0804a004 R_386_JUMP_SLOT   __gmon_start__
0804a008 R_386_JUMP_SLOT   __libc_start_main

puts() seems like an ok target for me! This is probably the function used to print the strace it! message. At this stage I figured I could take the same route as I did with the previous LD_PRELOAD attack, except this time I just ‘fake’ it in my fake libc. I looked up the puts() arguments from the man page again and started a new function:

level15@nebula:/var/tmp/flag15$ cat fake_libc.c
#include<stdio.h>
int puts(const char *s) {
    printf("Not the real puts!\n");
}

level15@nebula:/var/tmp/flag15$ gcc -shared -fPIC fake_libc.c -o libc.so.6

level15@nebula:/var/tmp/flag15$ ~flag15/flag15
/home/flag15/flag15: /var/tmp/flag15/libc.so.6: no version information available (required by /home/flag15/flag15)
/home/flag15/flag15: /var/tmp/flag15/libc.so.6: no version information available (required by /var/tmp/flag15/libc.so.6)
/home/flag15/flag15: relocation error: /var/tmp/flag15/libc.so.6: symbol __cxa_finalize, version GLIBC_2.1.3 not defined in file libc.so.6 with link time reference

Ow, that exploded pretty badly it seems. From the error message I figured the function __cxa_finalize simply did not exist in my library, so all I had to do was add it… Right? I googled the function arguments and added it to my fake libc:

level15@nebula:/var/tmp/flag15$ cat fake_libc.c
#include<stdio.h>
void __cxa_finalize(void * d) {
}

int puts(const char *s) {
    printf("Not the real puts!\n");
}
level15@nebula:/var/tmp/flag15$ gcc -shared -fPIC fake_libc.c -o libc.so.6
level15@nebula:/var/tmp/flag15$ ~flag15/flag15
/home/flag15/flag15: /var/tmp/flag15/libc.so.6: no version information available (required by /home/flag15/flag15)
/home/flag15/flag15: relocation error: /home/flag15/flag15: symbol __libc_start_main, version GLIBC_2.0 not defined in file libc.so.6 with link time reference

Oh! New error. I guess I was making progress. This time there is apparently no __libc_start_main in the library. At this stage I was a little confused as to what was going on here as this function was also in the RELO table for flag15. Anyways, as with __cxa_finalize, I Googled the function arguments for this one too and added it to my fake libc. It was also at this stage that I realized I could just use this function instead of puts, so I went ahead and deleted the other functions:

level15@nebula:/var/tmp/flag15$ cat fake_libc.c
#include<stdio.h>

int __libc_start_main(int (*main) (int, char * *, char * *), int argc, char * * ubp_av, void (*init) (void), void (*fini) (void), void (*rtld_fini) (void), void (* stack_end)) {
    return 0;
}

level15@nebula:/var/tmp/flag15$ gcc -shared -fPIC fake_libc.c -o libc.so.6
level15@nebula:/var/tmp/flag15$ ~flag15/flag15
/home/flag15/flag15: /var/tmp/flag15/libc.so.6: no version information available (required by /home/flag15/flag15)
Inconsistency detected by ld.so: dl-lookup.c: 169: check_match: Assertion `version->filename == ((void *)0) || ! _dl_name_match_p (version->filename, map)' failed!

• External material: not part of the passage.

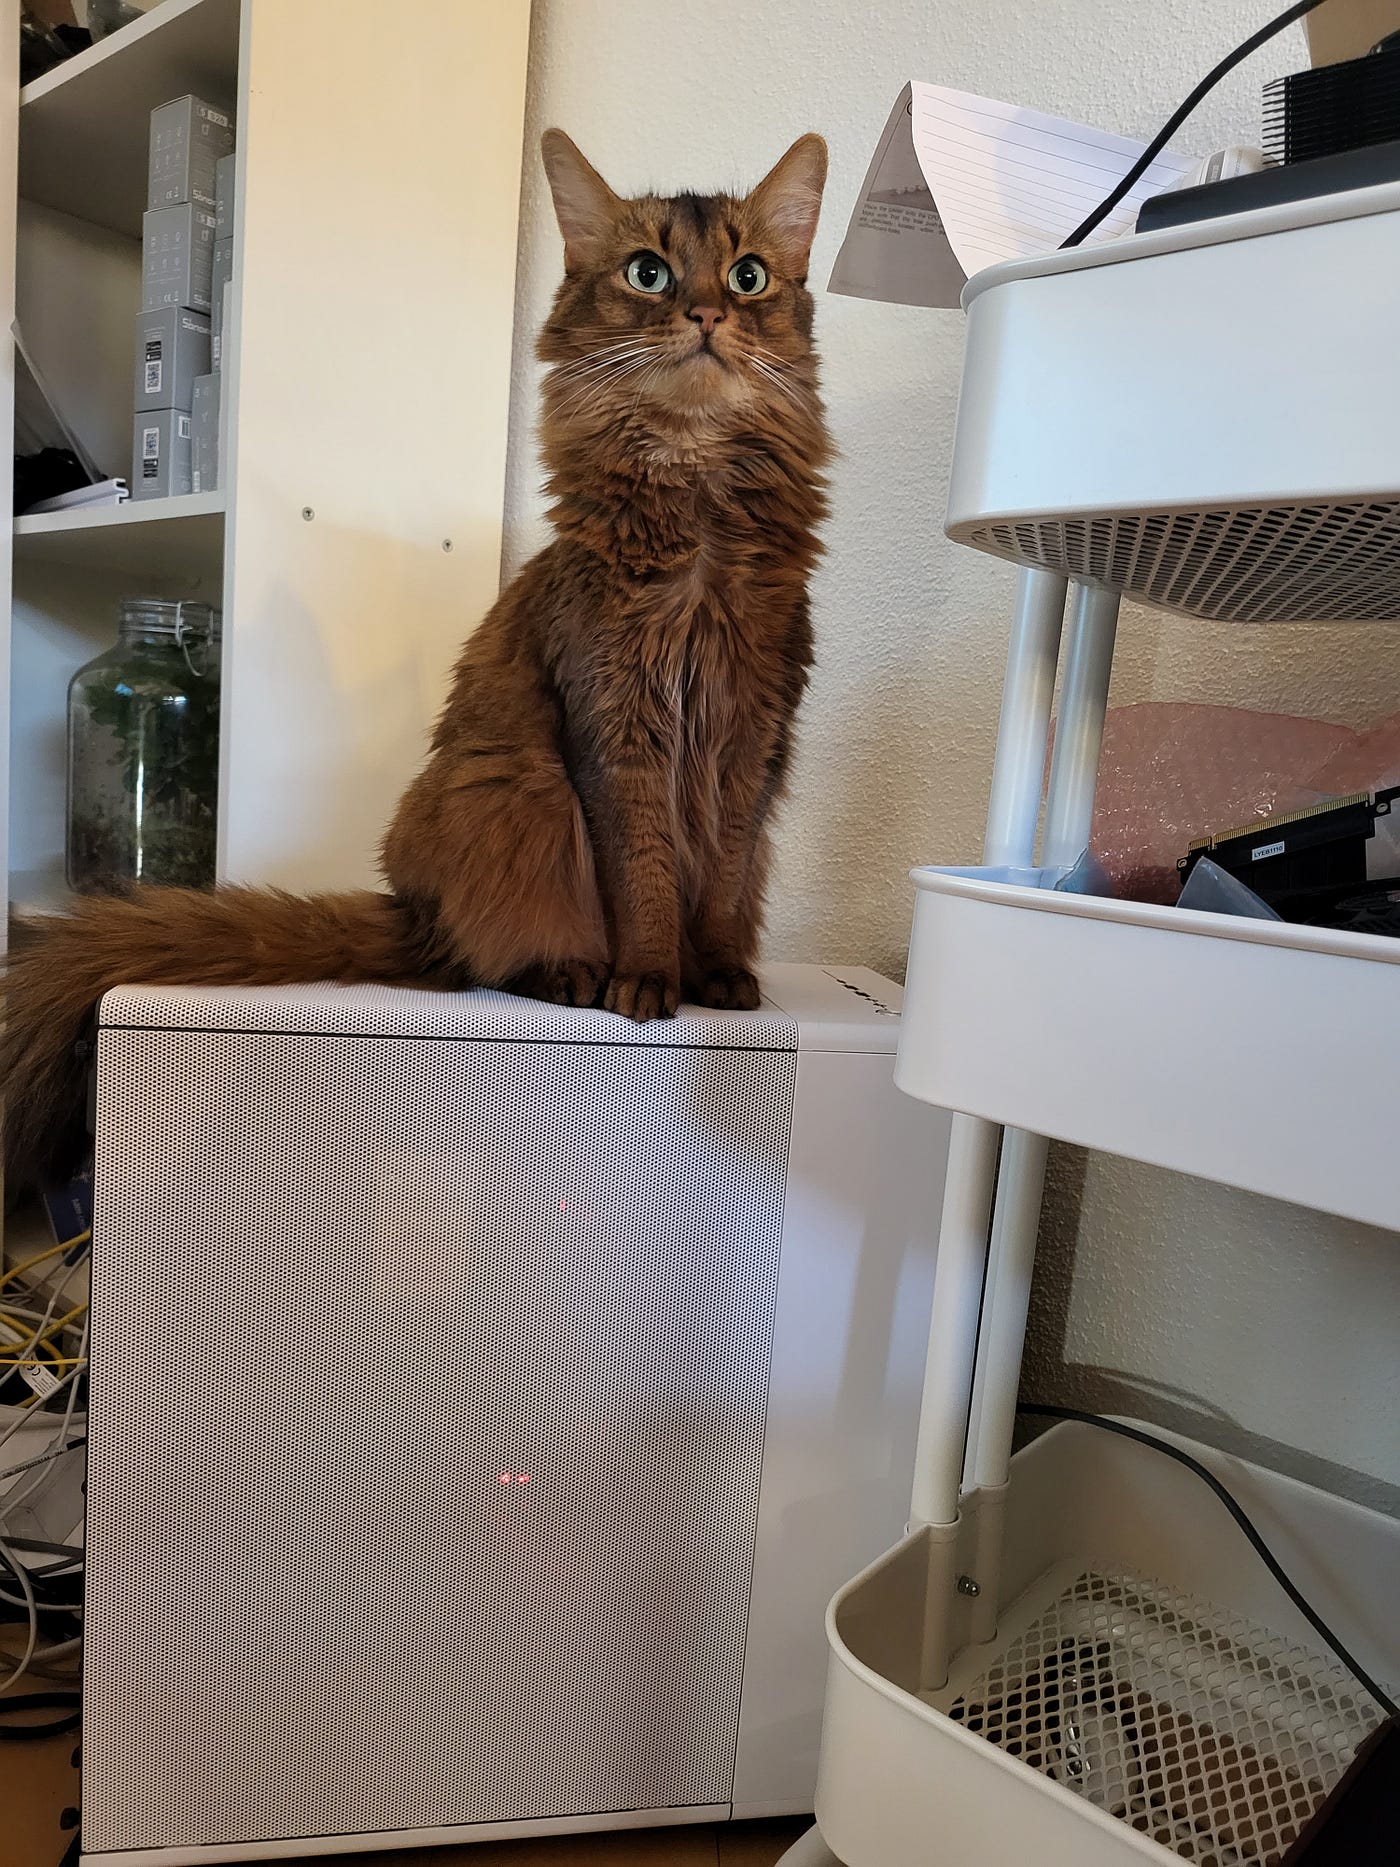 Dark Ginger Cat (Somali) sits on top of a PC

Oh! Another new error :( This time though it was not about a missing function/symbol, but rather something I could not make out by myself. I found little information about this specific error. After a really really long time of searching I finally decided to ldd flag15 again now that my fake libc is available:

level15@nebula:/var/tmp/flag15$ ldd ~flag15/flag15
/home/flag15/flag15: /var/tmp/flag15/libc.so.6: no version information available (required by /home/flag15/flag15)
    linux-gate.so.1 =>  (0x00e47000)
    libc.so.6 => /var/tmp/flag15/libc.so.6 (0x00761000)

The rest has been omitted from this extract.